As you know, the Office of Hawaiian Affairs is tasked with stewarding the Native Hawaiian Trust Fund (NHTF). This public trust invests primarily in national and global assets in hopes that its value will grow. This means that we take money generated through revenues from Public Land Trust lands here in Hawaii and invest it outside of Hawaii. This is generally how foundations and trusts ensure that the money in their funds can find the best deals globally to increase the value of their investment portfolios while minimizing the risk of decreasing the value of their portfolio. Foundations and trusts then turn around and withdraw a percentage of the total worth of the portfolio annually (usually around 5%) to spend on community programs and administrative costs. For many years this approach has been accepted as a viable way to enhance the future spending power of the NHTF while supporting our mission of uplifting Native Hawaiians locally.

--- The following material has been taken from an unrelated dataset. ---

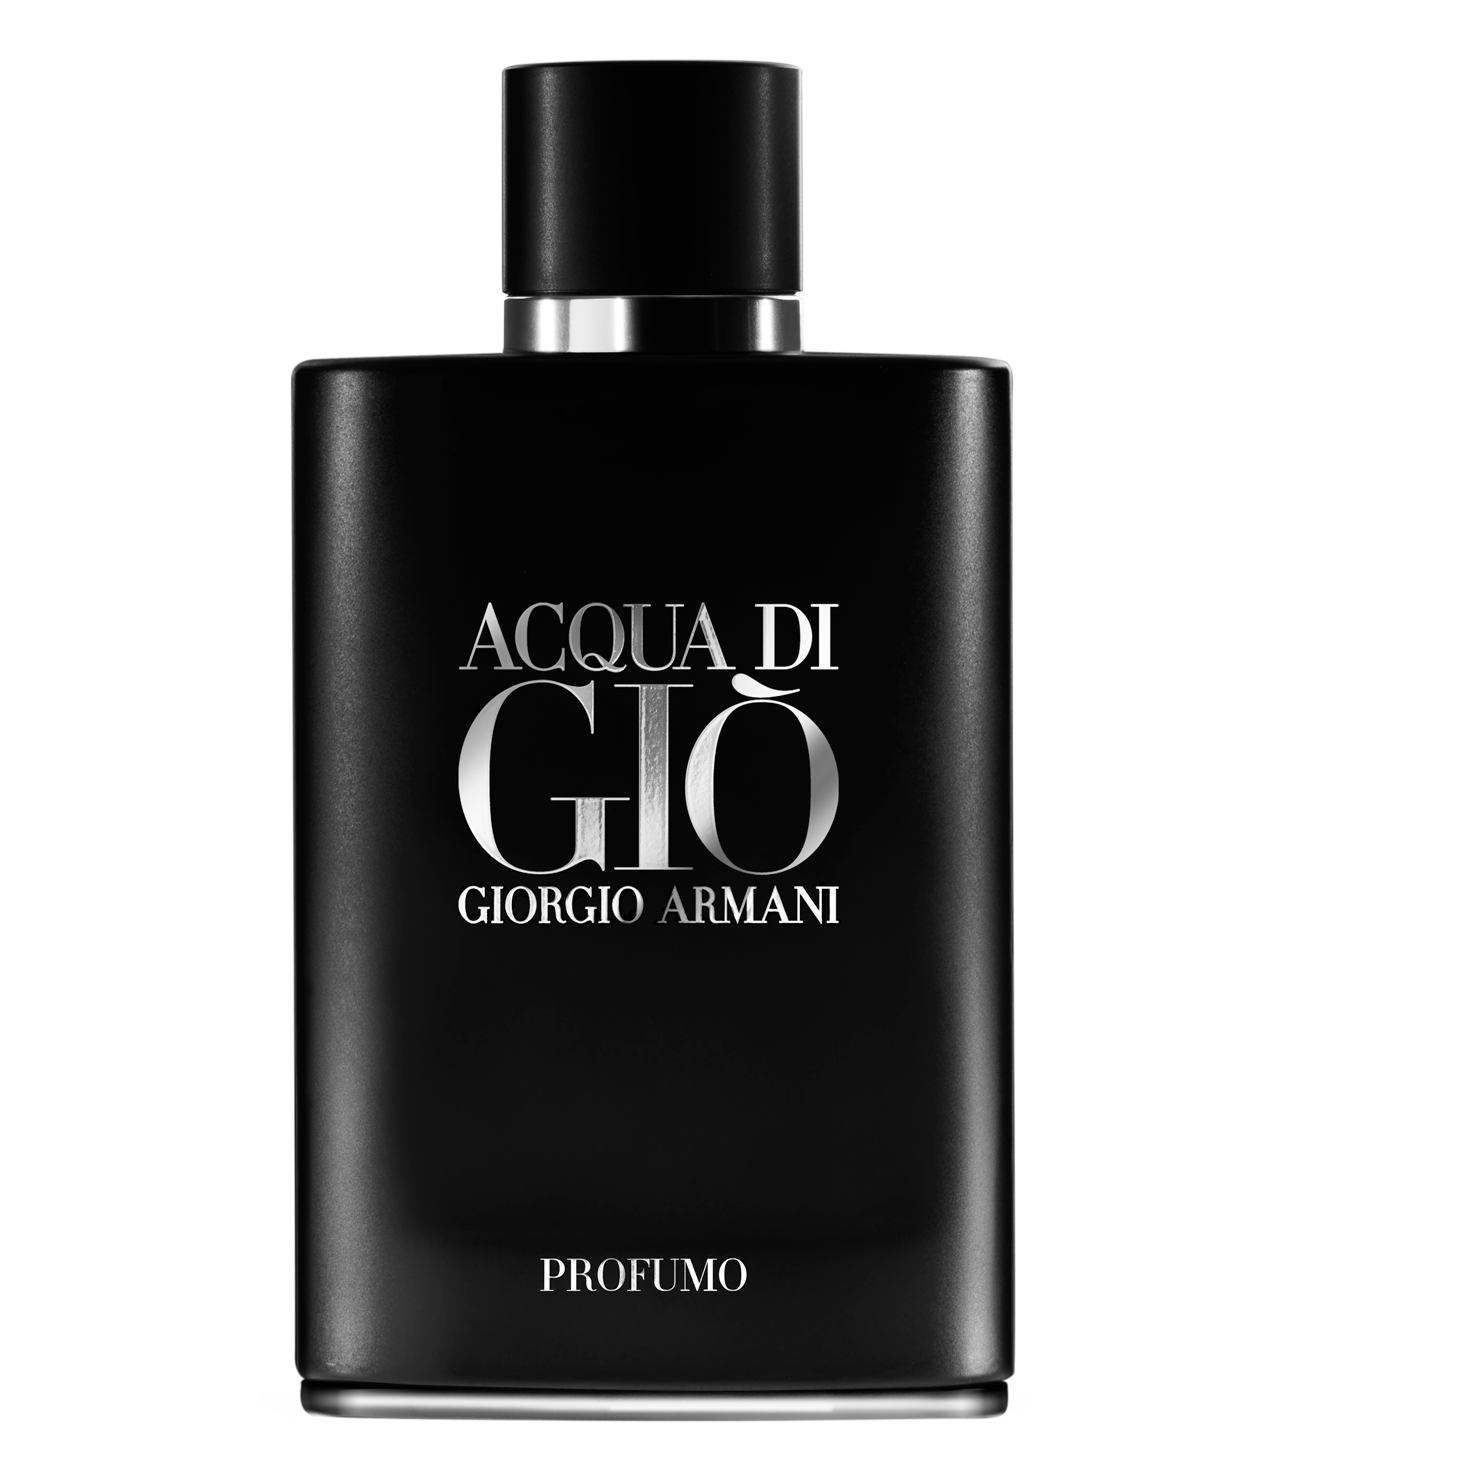 Tres versiones de Acqua di Gio para hombre de Giorgio Armani.

The catch is, when we invest globally we may end up growing our trust fund but we also end up sending our money (investment capital) outside Hawaii. This poses a conundrum for us as on one hand we must grow the NHTF but on the other hand we have a local mission focused on Native Hawaiians. Therefore, as we deploy our capital, most of it does not remain in Hawaii. It has long been the assumption that investing locally is highly risky and therefore, it is better to make more money outside Hawaii and then siphon off a percentage back into Hawaii to align to our mission. Well, the fact is that no percentage of money siphoned back to Hawaii will be enough to address the issues our people face. The good news is that there are investment trends in the field of philanthropy that is changing the way we grow our trust fund and align to our mission. These trends are the development of Mission Related Investments (MRI) and Project Related Investments (PRI). In this article, I would like to talk about MRI’s.

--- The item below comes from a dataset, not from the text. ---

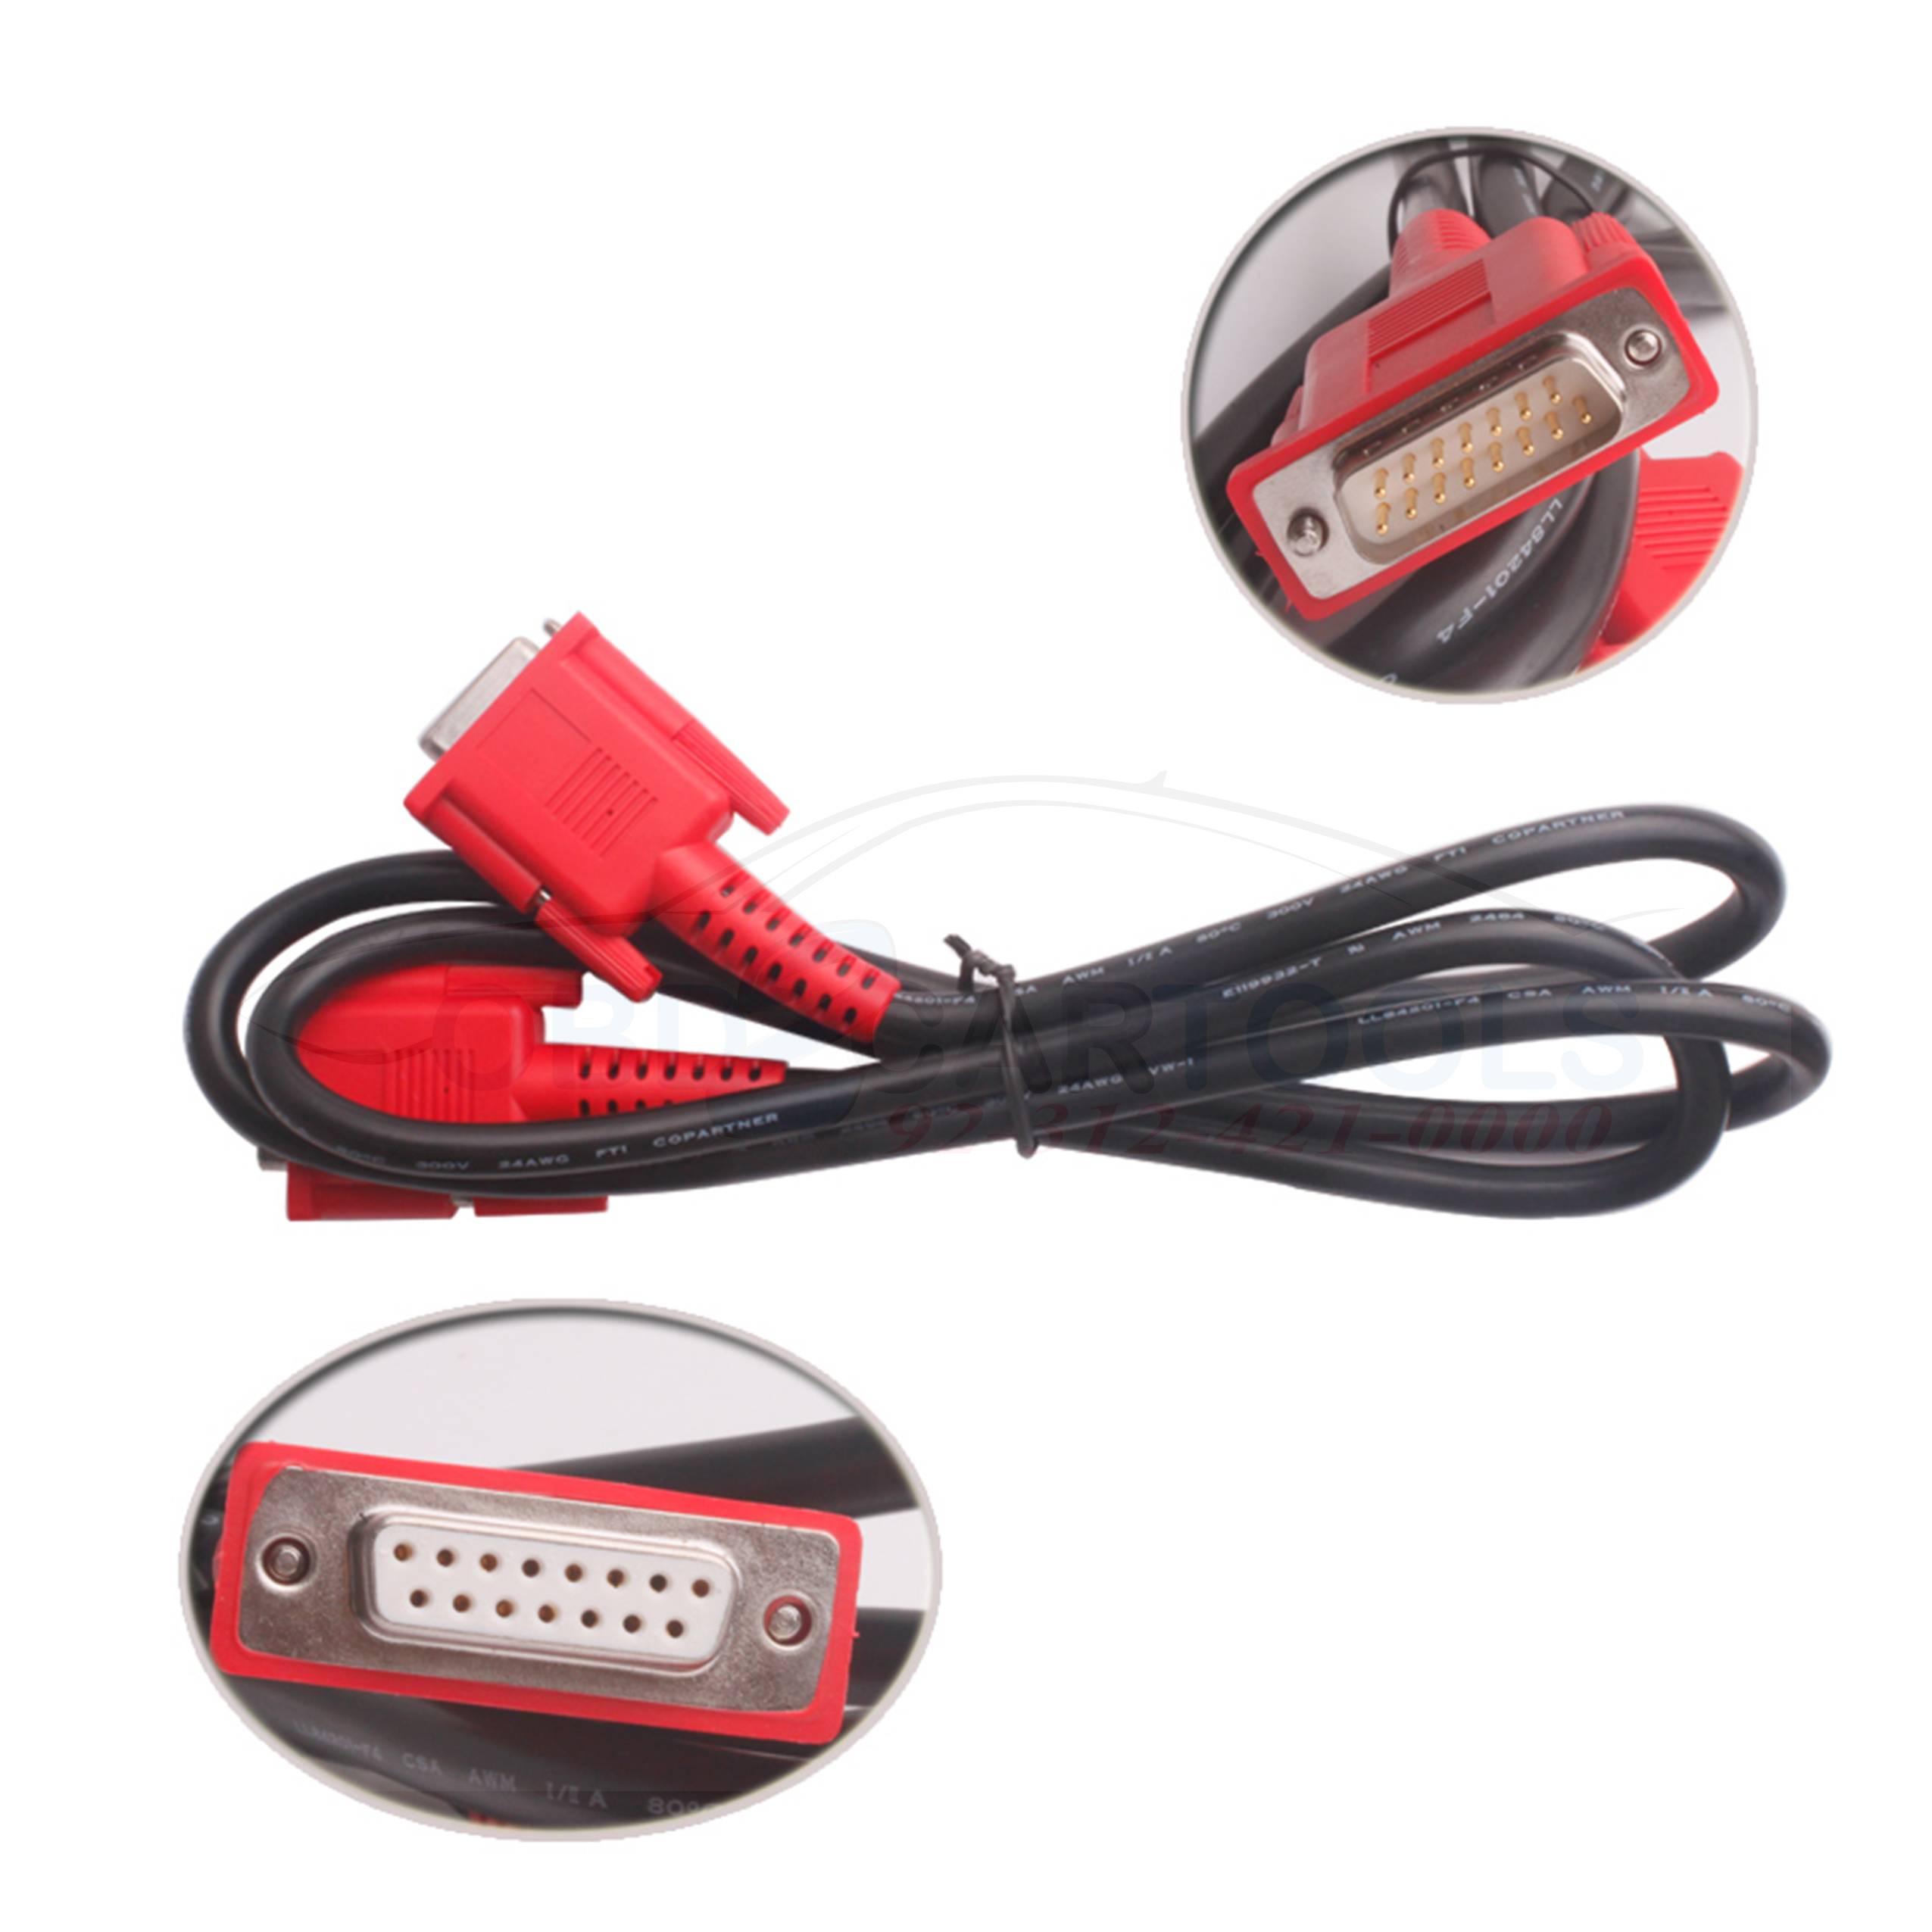 Product image for Autel Maxidas DS708 Main Test Cable for Autel Maxidas

MRI’s are investments made directly from the portfolio to sustain or grow the value of the portfolio that are aligned with the mission of the organization. A hypothetical example of a MRI for OHA would be an equity investment in a local business that empowers Native Hawaiians or perpetuates the indigenous culture of productivity, while simultaneously generating a market rate of return comparable to the global markets. Currently, OHA does not have the infrastructure to allocate our investment capital for MRI’s. However, the trends in intentional investing through MRI’s are increasing in the world of philanthropy and we are gaining confidence that we too can implement these into our portfolio and align them to our mission.
The value of MRI’s to any foundation or socially minded trust fund is its ability to align our core resource, which is money, to our social mission, which is to empower Native Hawaiians. Issues such as education, housing, financing, and cultural perpetuation that our people face are infinitely scaled, meaning there is no end to these issues. There will always be a need to facilitate resources so that our people have what they need to thrive. Therefore, since the resources we need are needed in perpetuity and therefore are infinitely scaled into the future, the sources of these resources must also be infinitely scaled into the future. By using the concept of MRI’s we can bring more of our money back home into the Hawaii capital markets and target market rate investments that are aligned to our mission. Year after year there are increasingly more high quality investments locally that empower Native Hawaiians and perpetuate indigenous productivity, and we look forward to playing a larger role in the financing of these.
It is our priority at OHA to leave no stone unturned in supporting our beneficiaries to thrive. We look forward to keeping you updated on our journey towards excellence.